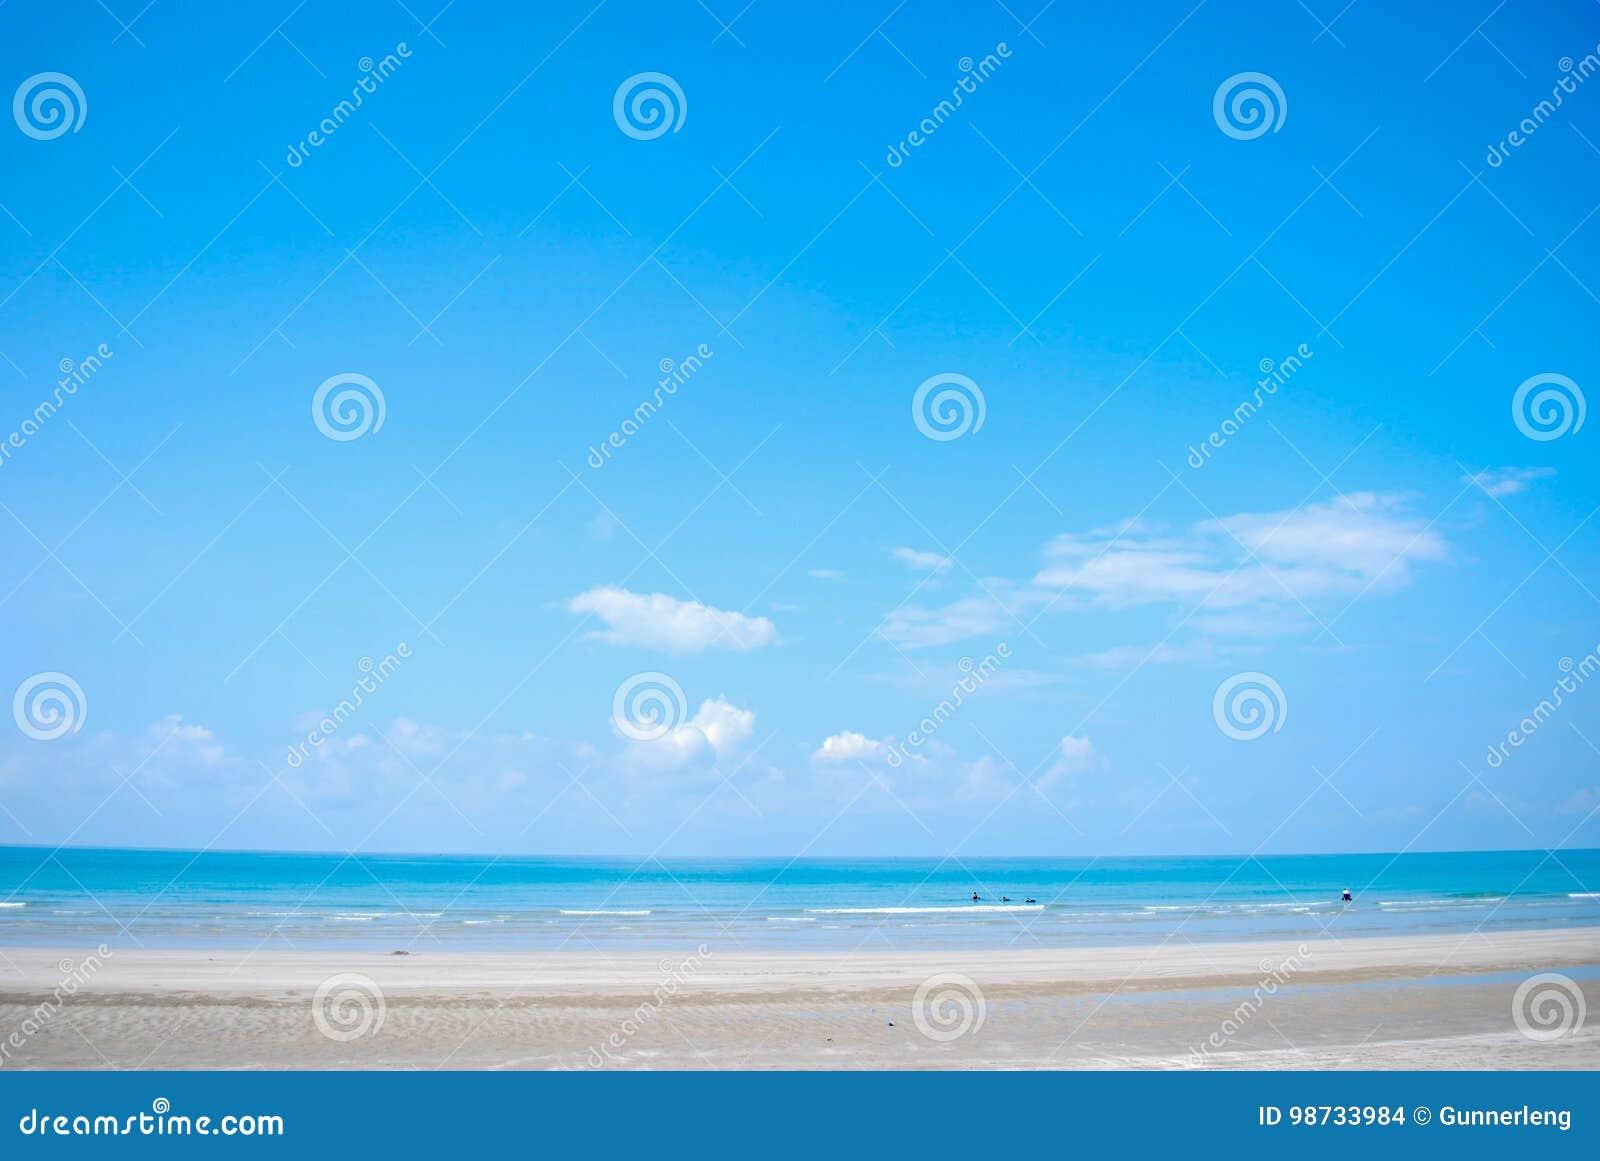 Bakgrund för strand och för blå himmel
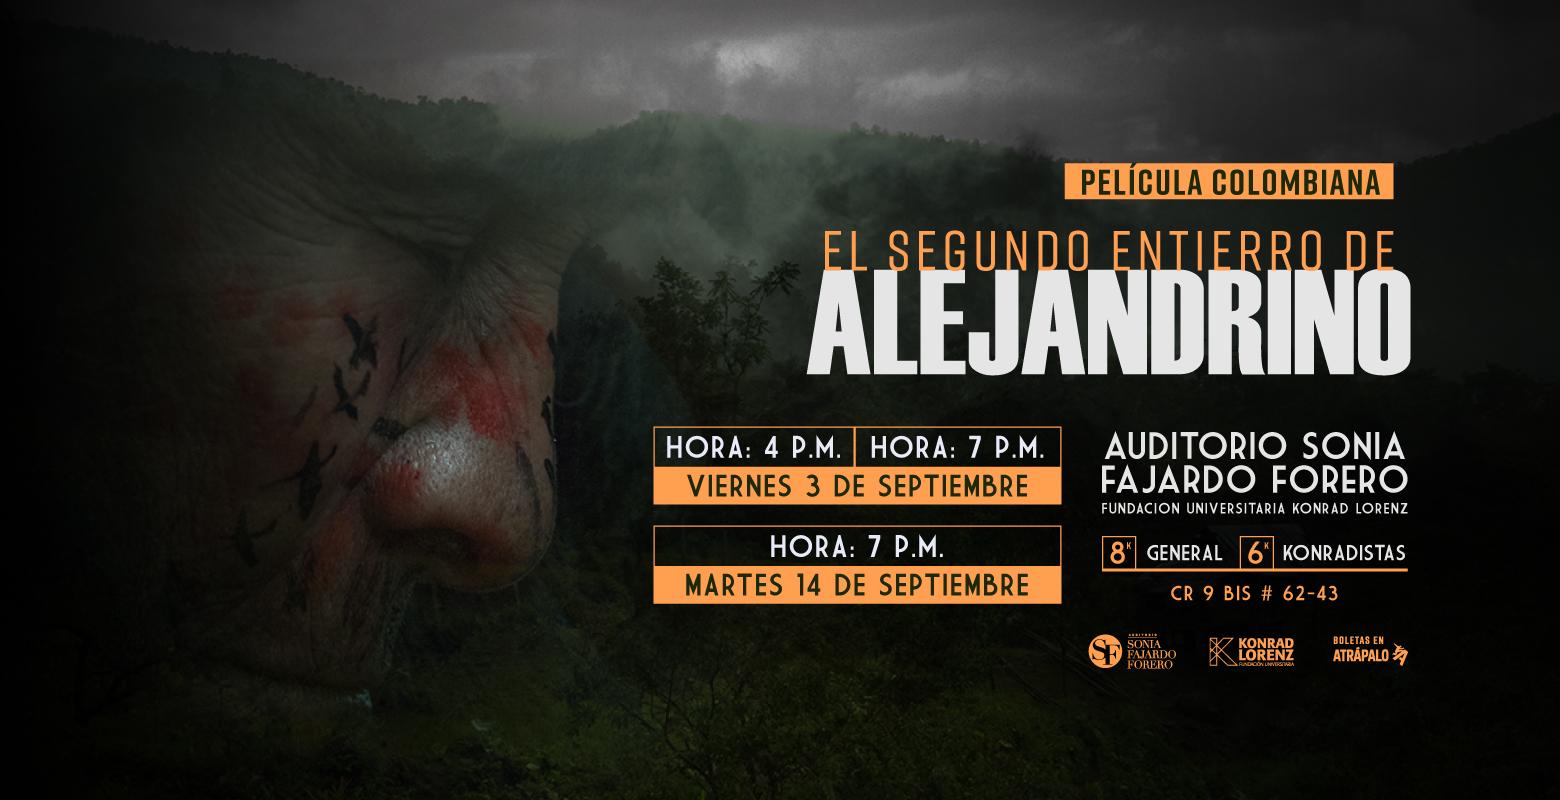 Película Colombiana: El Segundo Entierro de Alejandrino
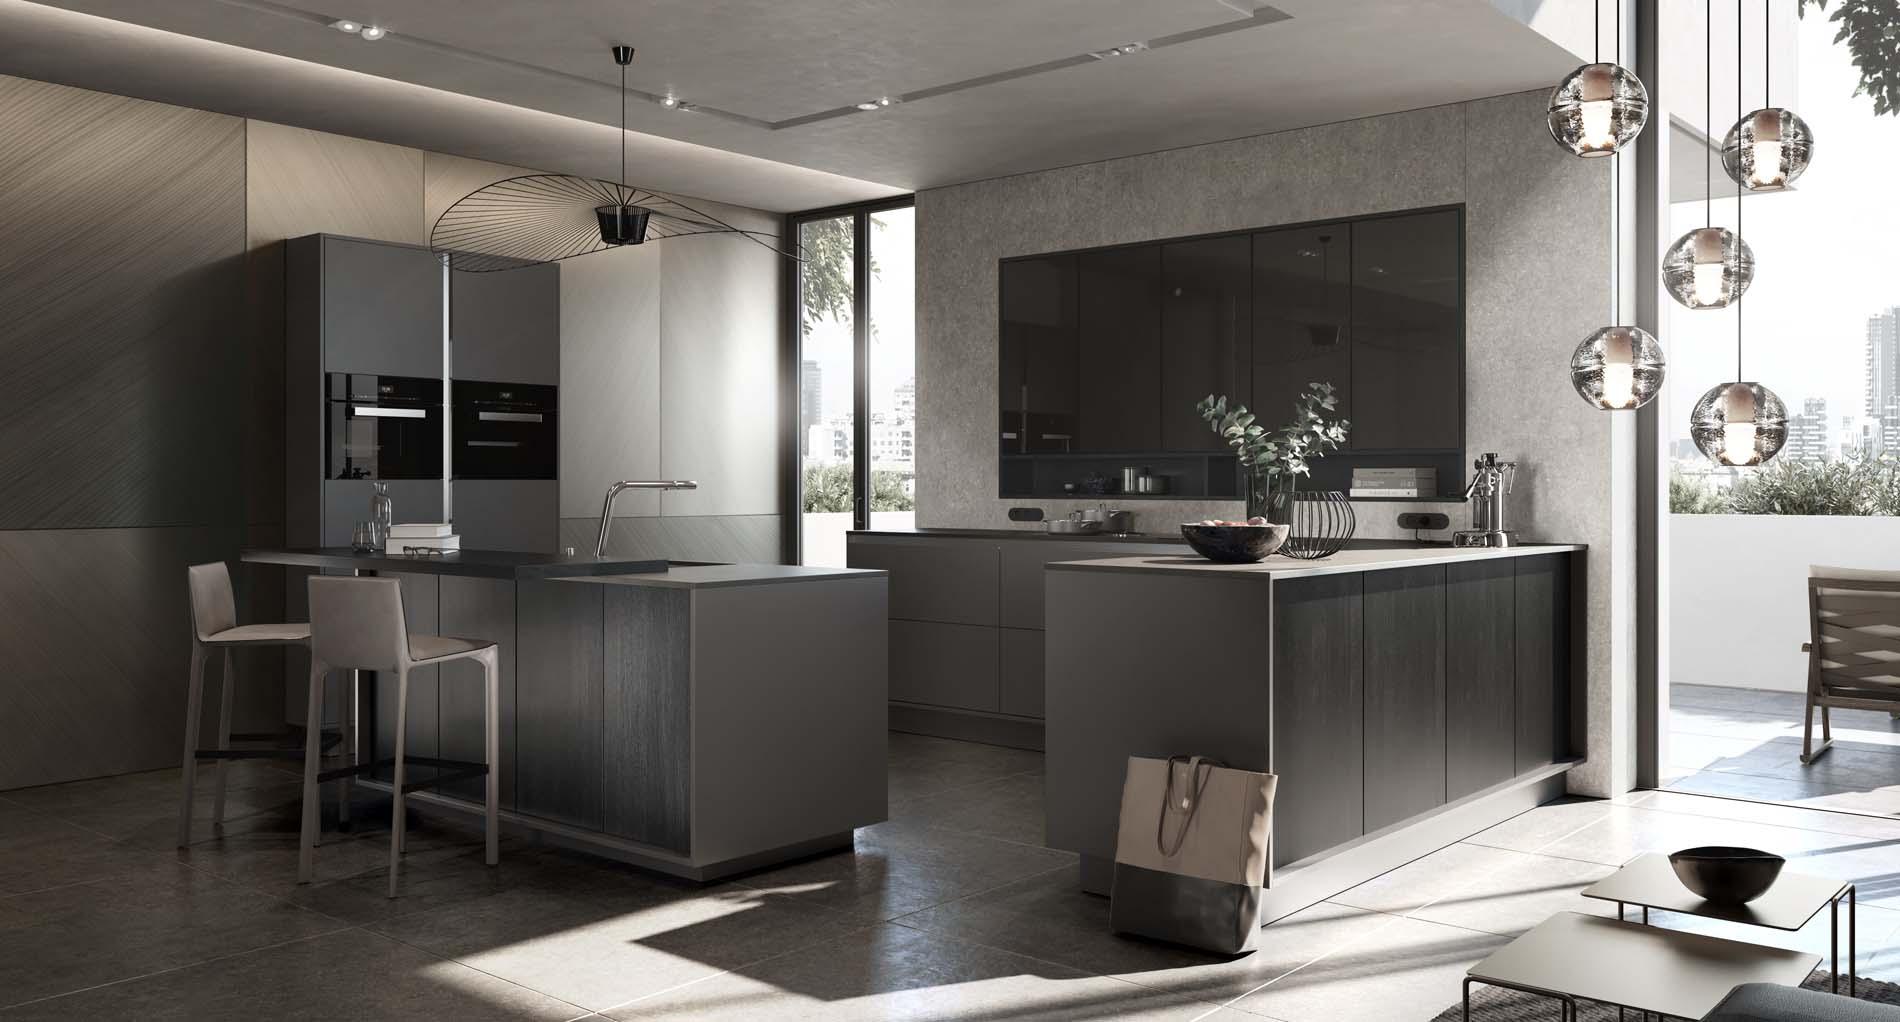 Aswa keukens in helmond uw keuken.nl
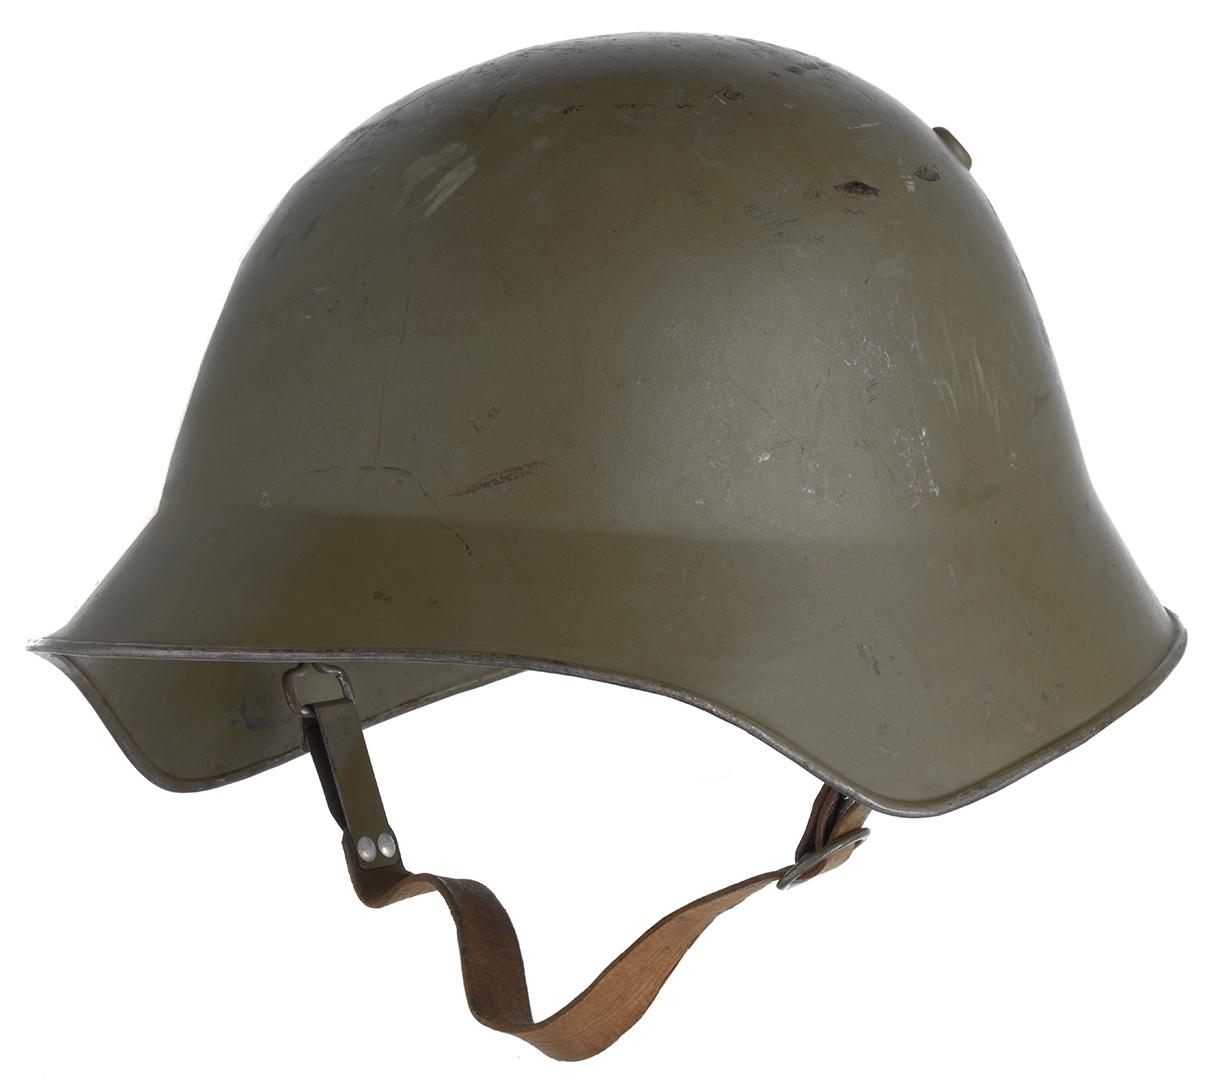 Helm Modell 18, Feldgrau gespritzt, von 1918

────────────────

__WORK ITEM__
Drop the images and return the data verbatim.

__SOLUTION TO THE PROBLEM__
 Bakgrund för strand och för blå himmel
 Película Colombiana: El Segundo Entierro de Alejandrino
 Aswa keukens in helmond uw keuken.nl
 Helm Modell 18, Feldgrau gespritzt, von 1918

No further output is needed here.